A single number is wanted: how many lines of the records below contain the word "heritage".

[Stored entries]
########
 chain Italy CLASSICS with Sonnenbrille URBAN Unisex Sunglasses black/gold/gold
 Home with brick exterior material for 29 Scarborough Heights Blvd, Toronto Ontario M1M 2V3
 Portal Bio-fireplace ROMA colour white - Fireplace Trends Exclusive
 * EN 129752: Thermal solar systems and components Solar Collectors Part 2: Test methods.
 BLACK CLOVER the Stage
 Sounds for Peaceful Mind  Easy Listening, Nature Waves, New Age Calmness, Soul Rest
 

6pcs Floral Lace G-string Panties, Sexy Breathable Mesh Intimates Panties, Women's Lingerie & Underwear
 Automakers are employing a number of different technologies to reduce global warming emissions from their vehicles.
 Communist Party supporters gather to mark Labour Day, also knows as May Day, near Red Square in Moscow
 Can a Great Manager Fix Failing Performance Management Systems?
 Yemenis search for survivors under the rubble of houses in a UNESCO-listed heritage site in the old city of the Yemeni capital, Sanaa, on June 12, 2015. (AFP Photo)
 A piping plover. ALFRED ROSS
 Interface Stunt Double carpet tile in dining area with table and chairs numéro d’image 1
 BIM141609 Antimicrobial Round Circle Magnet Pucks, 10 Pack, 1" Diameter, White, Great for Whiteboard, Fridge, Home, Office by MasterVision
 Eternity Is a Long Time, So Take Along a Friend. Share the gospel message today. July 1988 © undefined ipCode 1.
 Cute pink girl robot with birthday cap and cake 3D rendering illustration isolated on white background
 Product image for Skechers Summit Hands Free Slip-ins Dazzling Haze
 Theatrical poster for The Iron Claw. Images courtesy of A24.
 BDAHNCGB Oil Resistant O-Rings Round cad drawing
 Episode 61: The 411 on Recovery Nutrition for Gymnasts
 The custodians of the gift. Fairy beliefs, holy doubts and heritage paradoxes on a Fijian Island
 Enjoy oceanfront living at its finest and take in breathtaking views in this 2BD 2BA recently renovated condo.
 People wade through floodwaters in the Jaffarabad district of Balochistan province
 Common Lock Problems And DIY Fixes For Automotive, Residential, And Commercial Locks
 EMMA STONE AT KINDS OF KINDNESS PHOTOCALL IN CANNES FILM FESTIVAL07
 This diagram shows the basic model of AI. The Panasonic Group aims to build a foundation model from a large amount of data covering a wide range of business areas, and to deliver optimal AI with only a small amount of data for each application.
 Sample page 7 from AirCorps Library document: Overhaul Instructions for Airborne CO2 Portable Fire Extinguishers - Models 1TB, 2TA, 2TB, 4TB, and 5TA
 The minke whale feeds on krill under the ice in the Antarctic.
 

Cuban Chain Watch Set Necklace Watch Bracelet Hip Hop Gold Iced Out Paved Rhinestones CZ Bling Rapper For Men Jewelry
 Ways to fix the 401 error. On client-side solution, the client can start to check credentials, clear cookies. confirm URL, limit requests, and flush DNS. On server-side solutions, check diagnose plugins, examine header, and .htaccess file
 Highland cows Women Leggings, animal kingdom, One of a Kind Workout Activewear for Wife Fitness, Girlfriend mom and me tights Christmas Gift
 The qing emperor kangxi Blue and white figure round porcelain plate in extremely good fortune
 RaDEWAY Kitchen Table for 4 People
########
- **Solution to this problem**
2